Leaving Food Outdoors

If you leave food outside for outdoor dogs or cats, or any feral animals around your property, this can inadvertently attract snakes. Pet food, or any food scraps left around your property, will initially draw in numbers of rodents like rats and mice. This in turn attracts snakes, as many types feed on rodents as prey. 

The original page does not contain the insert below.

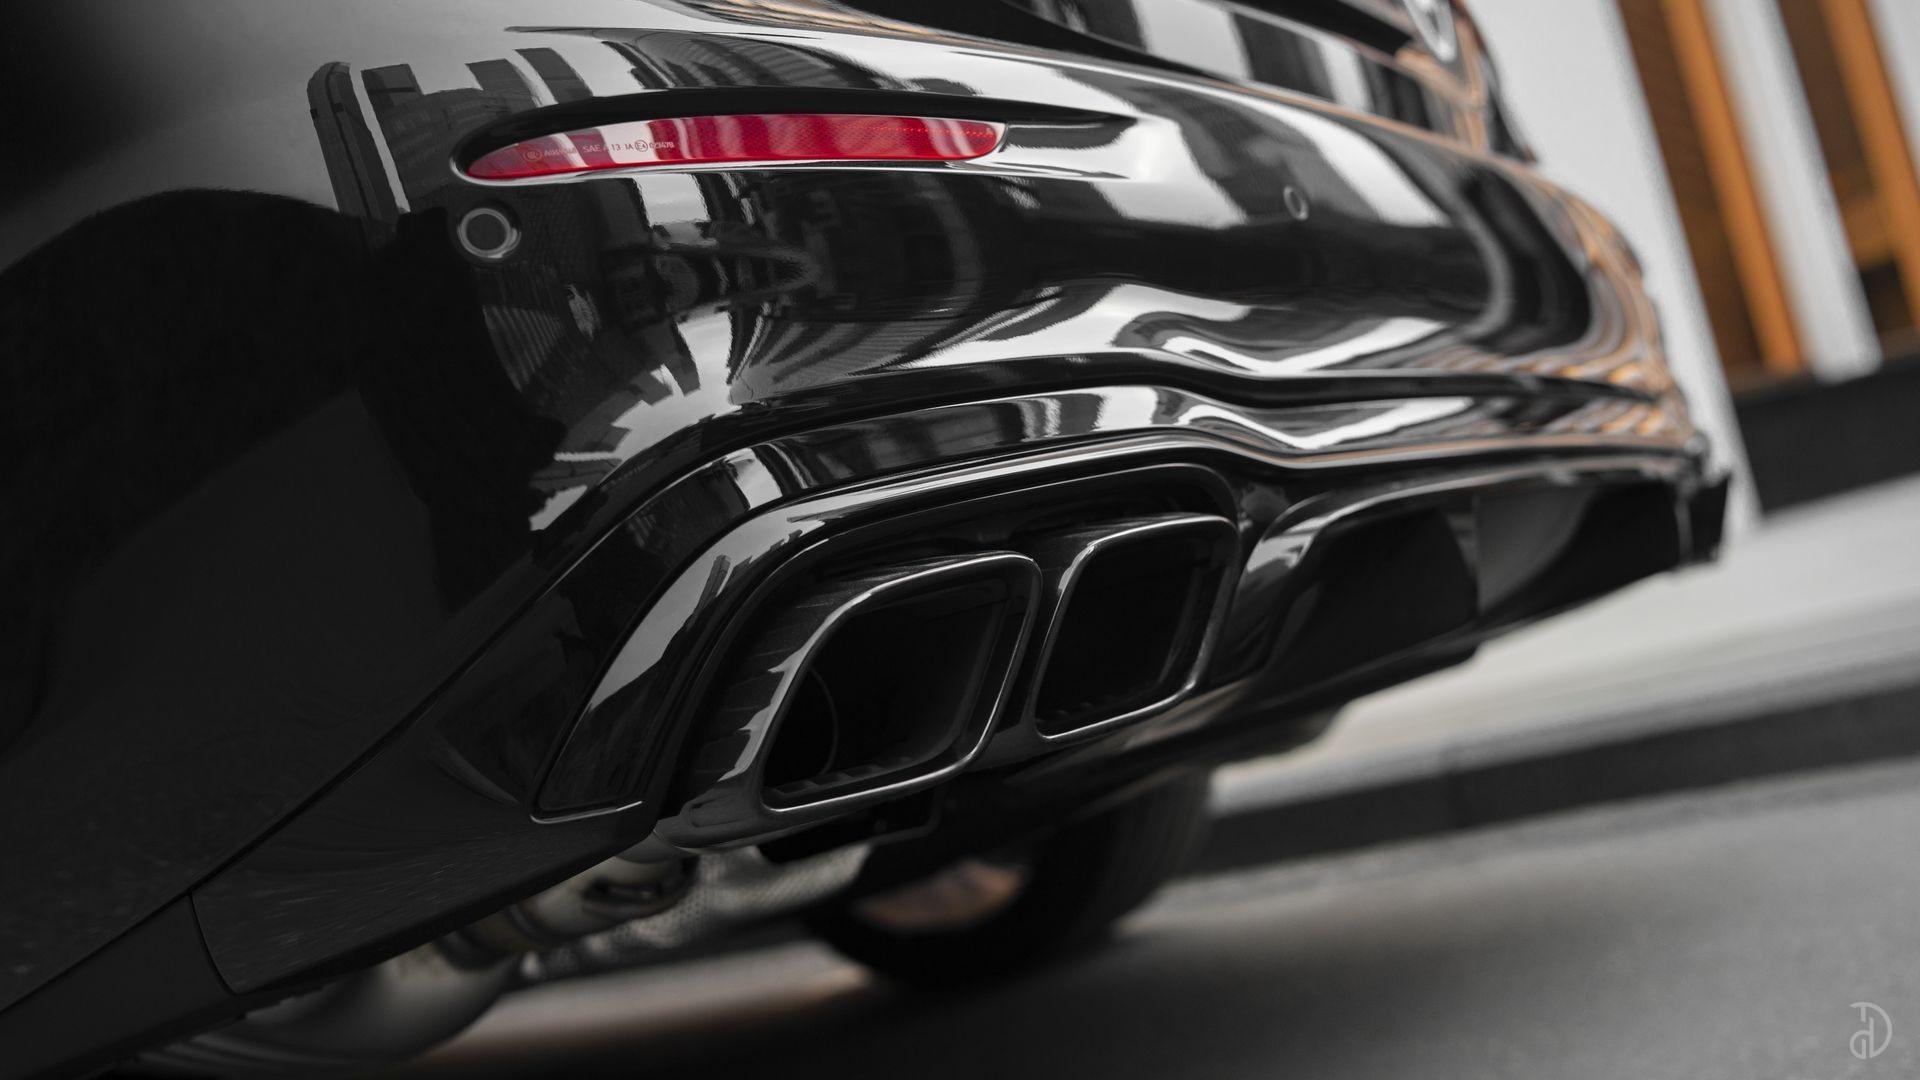 Аренда Mercedes Benz E 63 Amg S 2020 в Москве. Фото 12

For the same reason, another risk factor is having a compost heap too close to your property. If you throw food scraps onto your compost, it will attract wildlife like rodents, raccoons, and possums, all of which are prey for many species of snakes. 

Easy Yard Access

Once a snake has identified that your yard is a suitable place to live, with sources of food, shelter, and water, they will make their way in and take up residence. If your yard isn’t well-secured, the snake won’t have any problem infiltrating it. 

Identifying Common Types of Garden Snakes

It can often be difficult to identify snakes exactly, as there are so many different species across the US that vary subtly in appearance. We have gone through some of the most common types of garden snakes below, sorted by venomous and non-venomous species. 

We’ve also provided some tips on how to quickly identify whether a snake is venomous or not. Take note that the majority of snakes in the US are non-venomous, but there are some potentially deadly species that you should avoid at all costs. 

Types of Venomous Snakes

  • Triangular-shaped head
  • Yellow or green eyes with thin, black, vertical pupils
  • Vary in color but typically more colorful than non-venomous snakes

Copper Head Snakes

Appearance: Copperhead snakes are identified by their coppery, tan, or brown-colored thick banding around their body – take note that some Copperhead snakes may not have a strong copper coloring to them. The bands around their bodies tend to be shaped like an hourglass.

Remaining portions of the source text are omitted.